BTW TinEye Reverse Image Search is a great way to find similar photos or in the case above same photo but different resolution. 

Free Dropbox Space - Am I Cheap or What?

I hate monthly bills, I just despise them. So the thought of paying a monthly fee to store my files with Dropbox frustrated me - no matter how much I appreciate the service. IB students are required to do written work - even in math. They turn their work in via Moodle and I return it via Dropbox in a shared folder. This had two results:

1. They will now have an digital portfolio of all their work.  
2. I got free space! 

So far 2/3's of the students have completed the necessary steps for me to get extra space! Not too shabby and cheaper than the Lifehacker solution.

If you haven't tried Dropbox and want to here's a link (wink wink) Dropbox.

What Got Me Thinking - May 9th

TEDX - Gaming for Understanding: Not the usual take on learning through gaming.

Mathematics Education for a New Era: Video Games as a Medium for Learning - I am enjoying the arguments regarding the validity of games (and gamers) the book it continues to shed light on why and how games can and should connect to education.

Toilet Breaks Land Speed Record - At least BBC doesn't make this headline news like CNN might...

Google Apps is Everywhere - US DoD is adopting Google Apps for 90,000 employees. If the US government can do something then any school should be capable too. -- My school is in the process of adopting Google.

Changing Assessment - Talking points from David Martin (along with his Prezi).
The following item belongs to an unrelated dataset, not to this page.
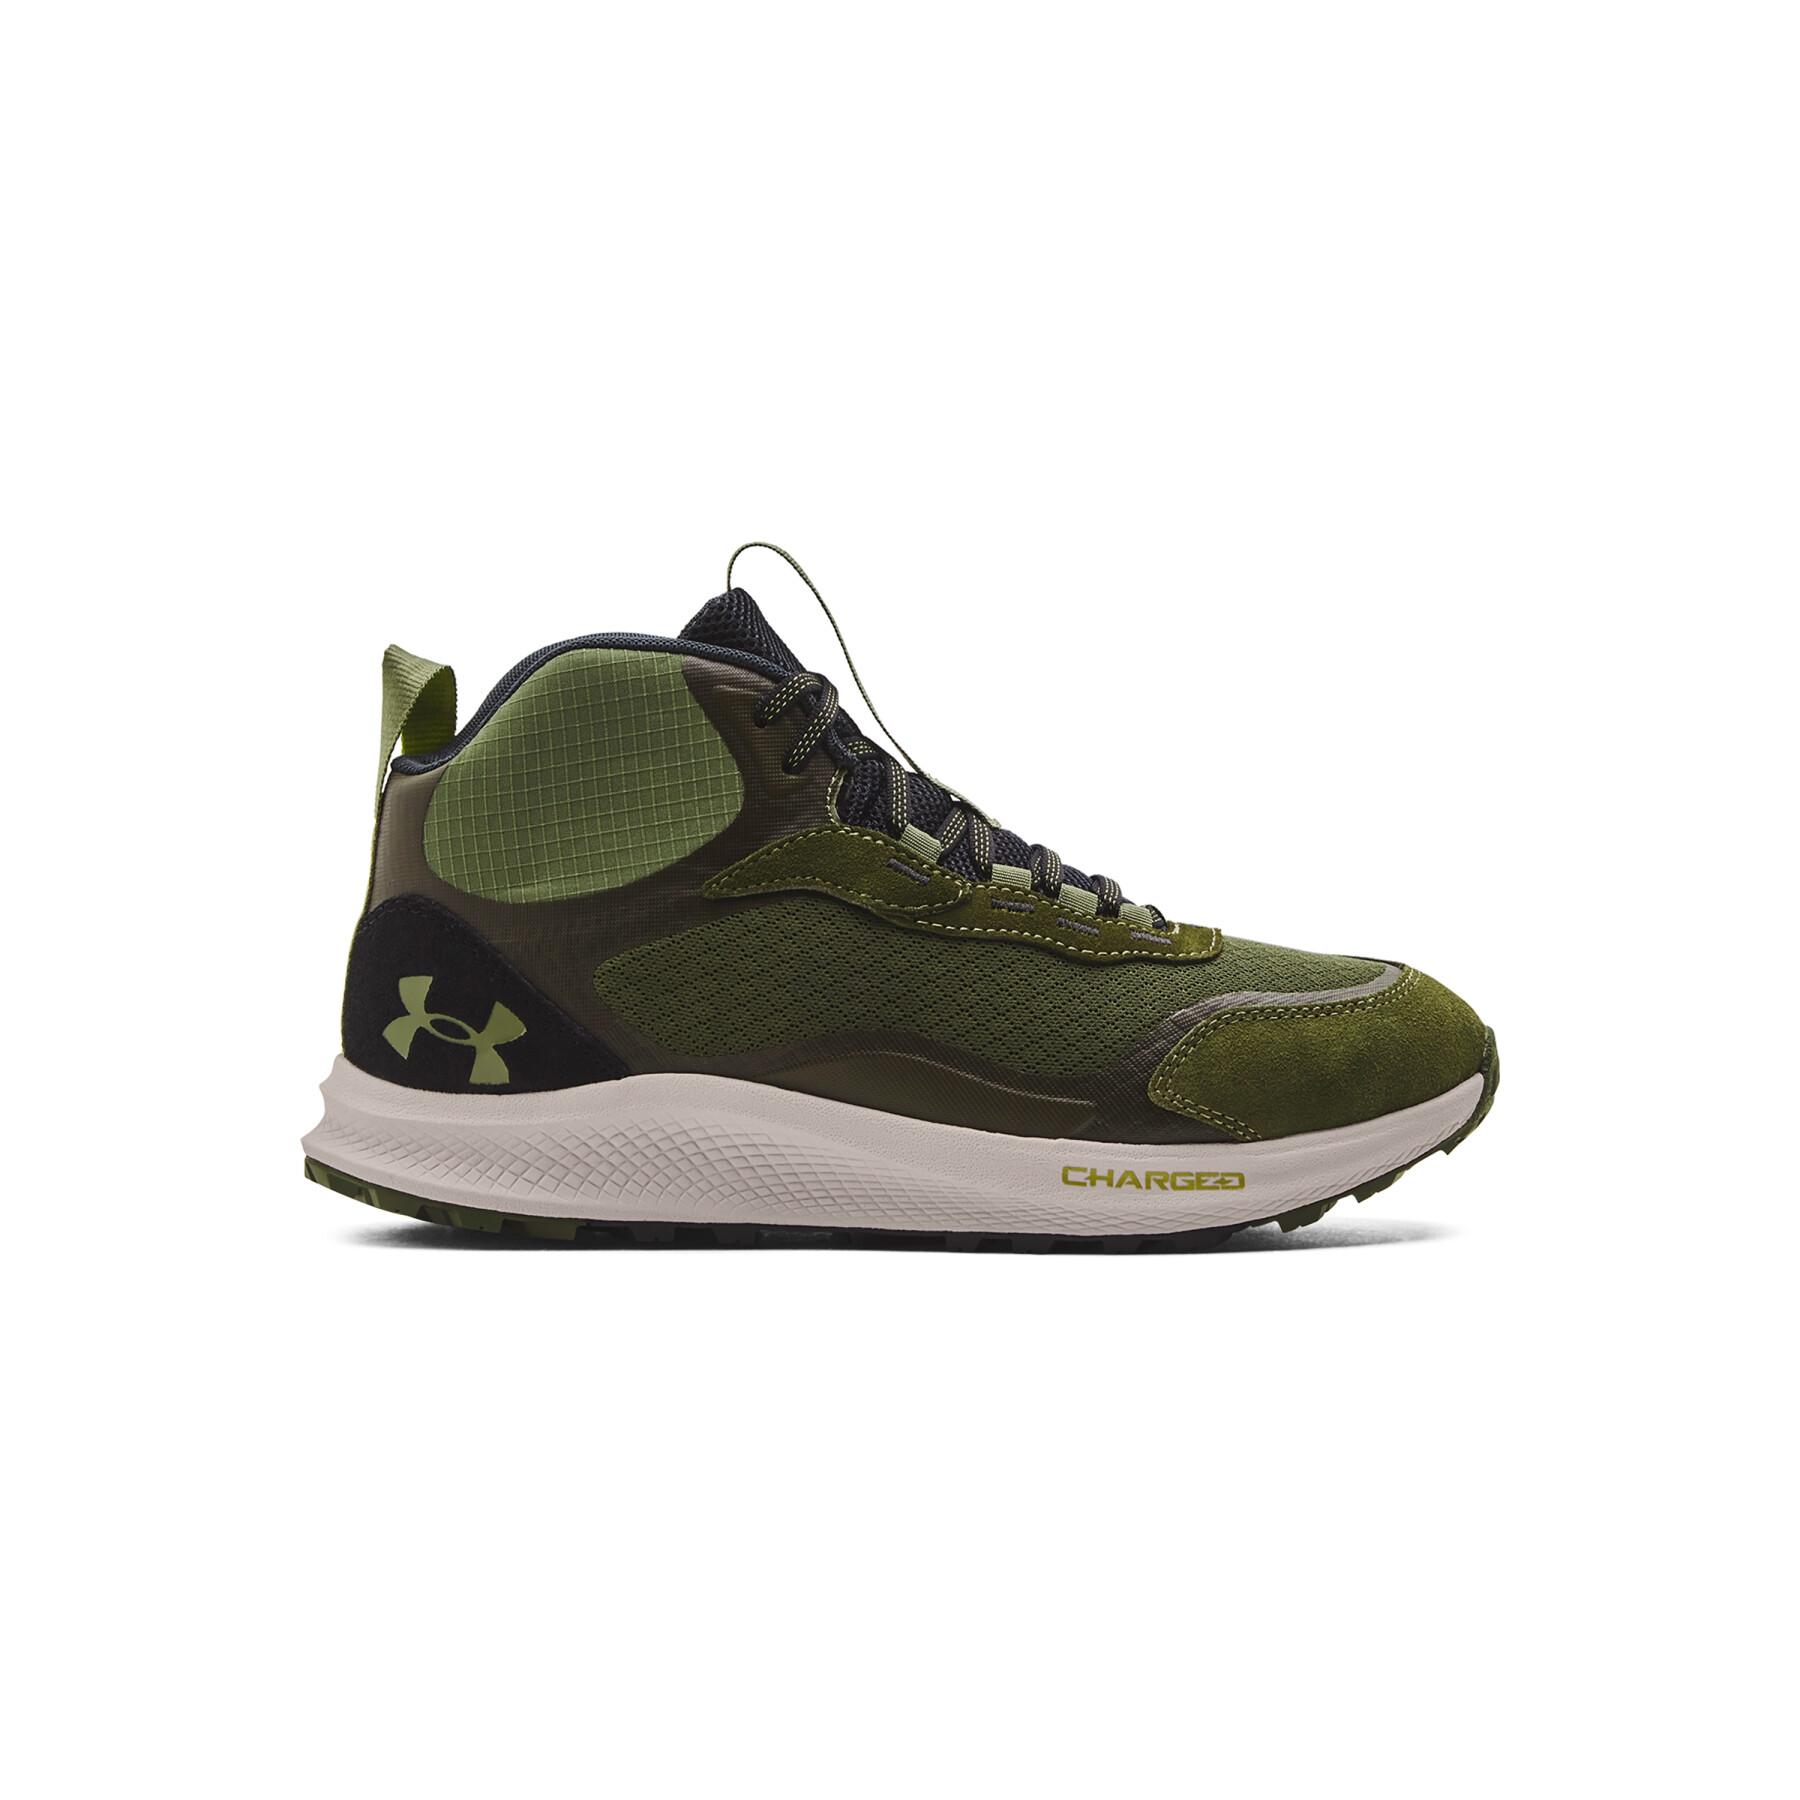 Hiking shoes Under Armour Charged Bandit Trek 2

Good Stuff.

3D Vector Magnitude

After watching my current IB year 2 students struggle with vectors (I took over the class this year) and it was the 1's turn to push slog death march through vectors I was determined to slow down and make sure they understood the basics... Or at least give them as much time as possible to create some conceptual understanding (certainly not the same thing).

We started vectors by talking about different notations and their meanings. We talked about the magnitude of a 2D vector. They could see the clear connection with Pythagorean Theorem, a few even suggested its use, but the 3D formula was not clear to them. Not at all. Students suggested we could use a cube root or cube the coordinates. Both potentially valid extensions of the pattern for sure. I ended class by giving them the formula with no proof no justification - time was running out and I had problems I wanted them to finish. Oops.

Realizing the obvious error of my ways, I started the next class with a model of a 3D vector (I used a wire coat-hanger as the vector and large graph paper to form the X-Y plane). My model was just to show them what I wanted them to build. Their task was to use a meter stick as their vector - which required some engineering - and find the coordinates of the vector in 3D. A few students suggested aligning the vector with a coordinate axis... I nixed that idea.

Once they had the coordinates I asked them to prove the formula given in the last class or better yet  to ignore the formula and use only the coordinates to find the length of the vector - which they already knew from the meter stick. 10-15 minutes later folks had drawn right triangles and created a solution!

Once everyone was finished, I pulled the whole class over to one of the more neatly created models so I could point and formalize the ideas.Towards the end several students commented "oh that makes sense," or "now I get it - that formula does make sense." Voila! A simple but effective way to spend 40 minutes of class.

How to Teach Math Anxiety

Maybe this one has been bumping around the interwebs for awhile... Today was my first encounter with it thanks to David Wees. Too good not to share.